Another feast for the visual appetite is The American Art Book
(Phaidon), part of the series that includes The Art Book and The
Photography Book. One image and one explanatory paragraph represent each of
several hundred American artists. All media are represented, from text (Jenny
Holzer) to sculpture (Red Grooms). If I were a high-school student with
ambitions to become a great artist and you gave me this book, you'd instantly
become my favorite aunt, or uncle, or
Mom's-boyfriend-whom-I-didn't-used-to-like-very-much, forever.

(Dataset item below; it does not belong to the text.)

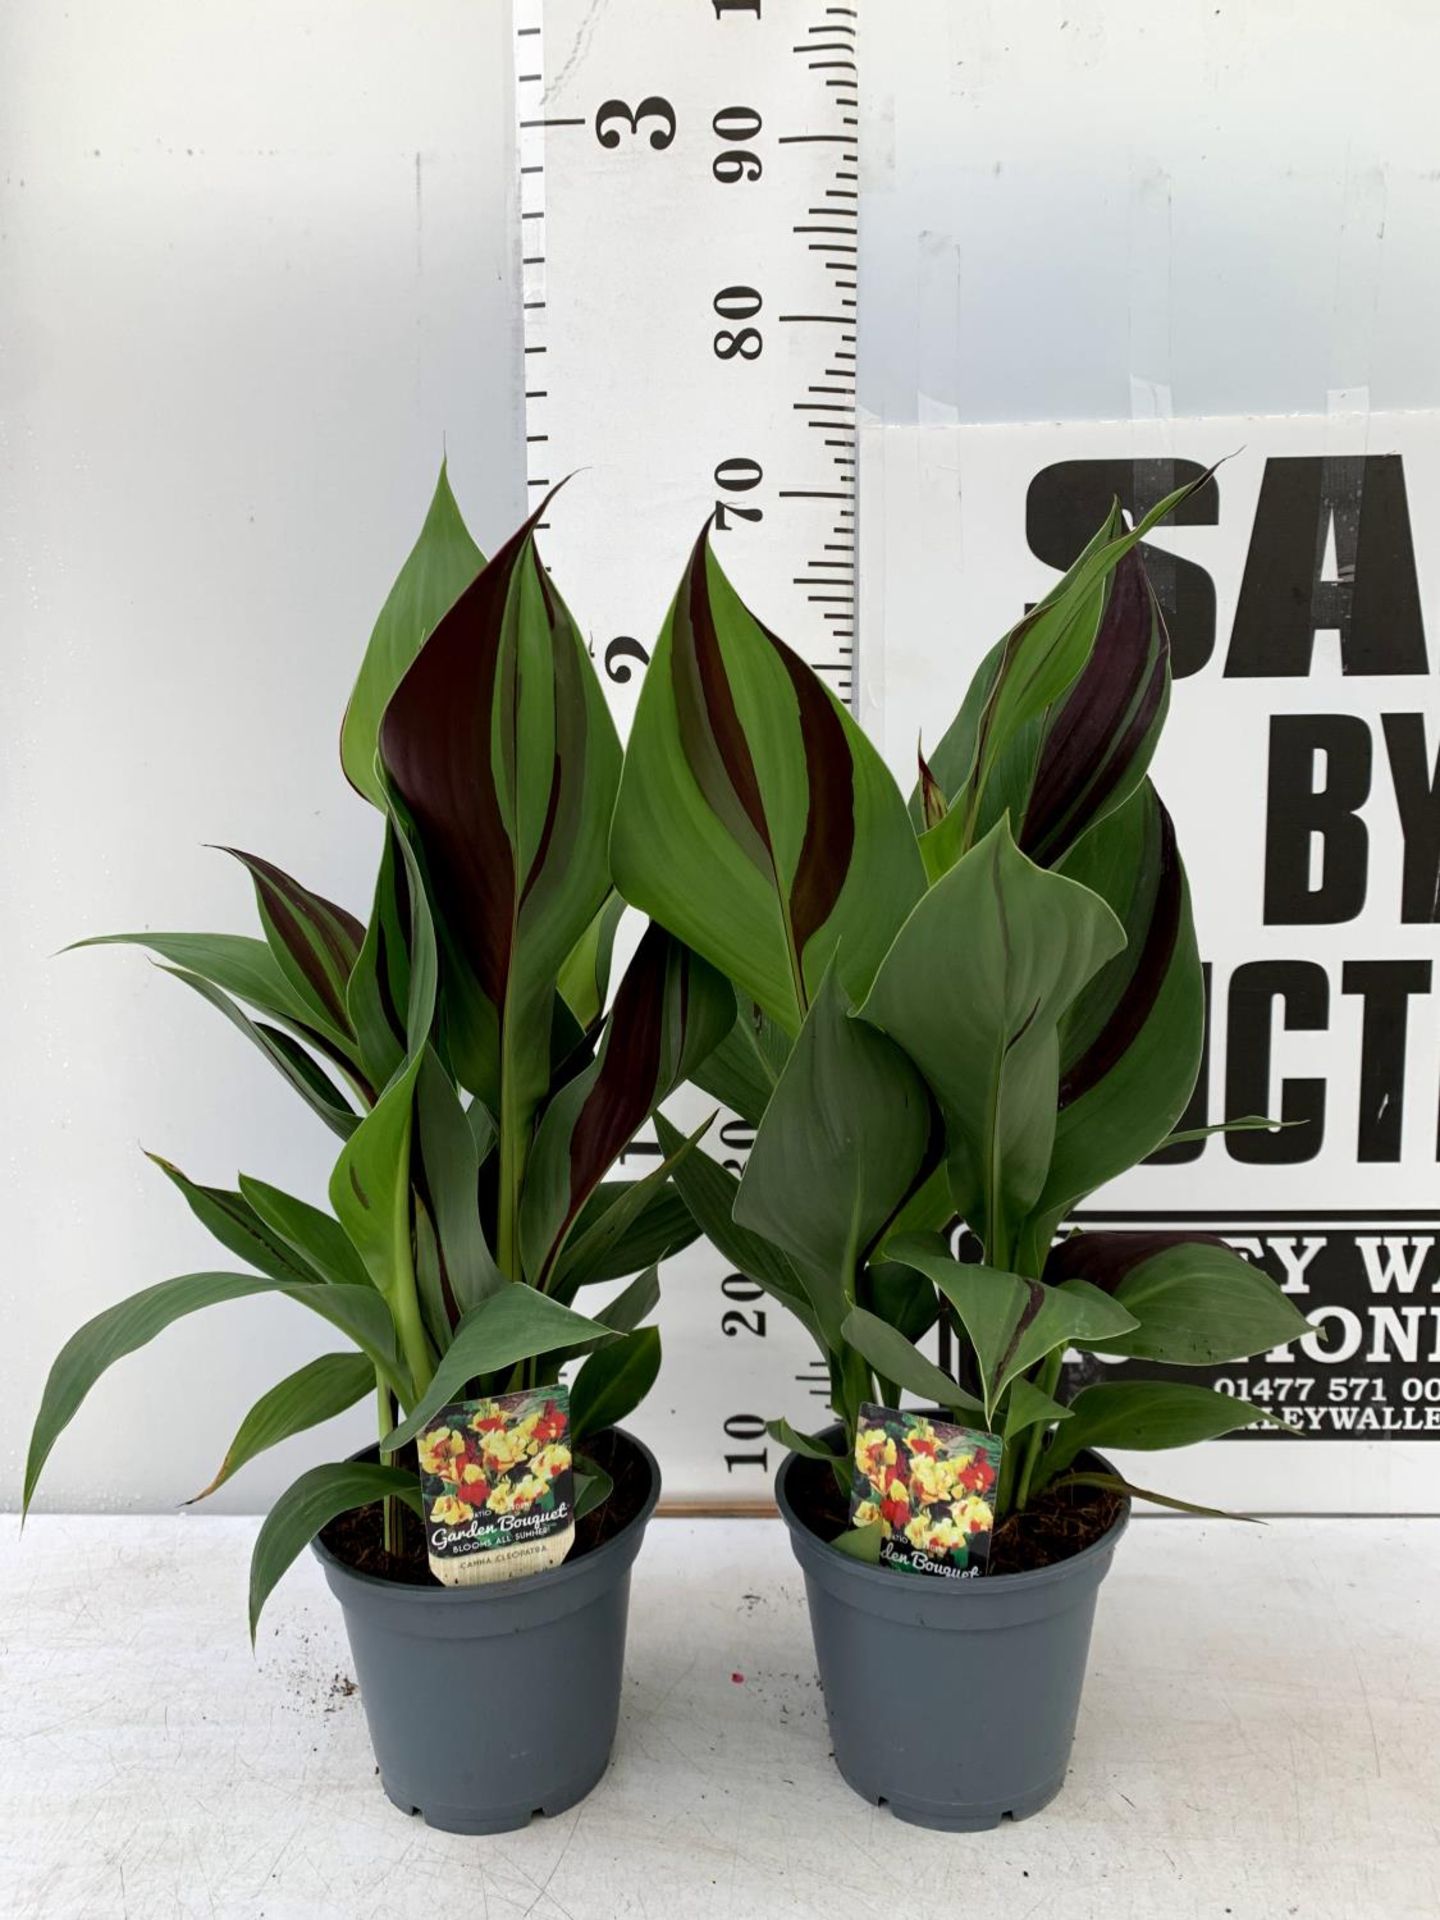 TWO EXCLUSIVE VARIETY CANNA CLEOPATRA APPROX 70CM IN HEIGHT IN 2 LTR POTS PLUS VAT TO BE SOLD FOR

And if I were a college art-history student, my conversation increasingly
breathy with the word "theory" and its variants, I would be flattered to the
point of deadpan giddiness by the gift of Young British Art: The Saatchi
Decade (Abrams). The design of this book is so hip that you can barely
read the text. Its images are by turns ravishing, nonsensical, Loony Tune-y,
and gross. Young British Art includes many of the works made famous by
the scandalous "Sensation" show in Brooklyn, such as The Physical
Impossibility of Death in the Mind of Someone Living (the shark in the tank
of formaldehyde), by Damien Hirst, and The Holy Virgin Mary (the one
with the elephant dung), by Chris Ofili. There is tremendous vitality in this
group of artists. With the support of collector and advertising magnate Charles
Saatchi, they took charge of the contemporary art world between 1987 and 1997,
and, Giuliani be damned, their reign is not over yet.
The opposite of Young British Art is Norman Rockwell: Pictures for
the American People (Abrams). A sure hit among the AARP set, this
catalogue of a major Rockwell retrospective includes most of his extremely
charming Saturday Evening Post and Boy's Life illustrations, and
plenty of bittersweet Christmas fare. These images are interspersed with essays
praising the illustrator for his accessibility, and also for his achievement of
imagining a common heritage for an increasingly diverse American population.
For a stocking stuffer, also keep in mind Norman Rockwell: A Pop-Up Art
Experience (Universe). This sweet, well-designed pop-up book is a
virtual tour of Rockwell's studio, New England landscapes and interiors, and
the Rockwell museum in Stockbridge.
A less sentimental nostalgia trip is undertaken by photographer Richard Avedon
and writer Doon Arbus in The Sixties (Random House). This
collaborative effort, which was almost 40 years in the making, may stand as the
definitive record of this wildly influential generation. Weaving photographs
and interviews (Janis Joplin: "Meeting somebody and balling
them . . . means something, but it doesn't mean near as
much as it used to"), most of which are previously unpublished, The
Sixties restores its eponymous subject to shocking power. Photographs of
napalm victims' faces, Andy Warhol's shoes (and scars), and Catholic worker
activist Dorothy Day hit me especially hard. Be careful if you give this to Mom
or Dad, though. They might think you're actually starting to understand them.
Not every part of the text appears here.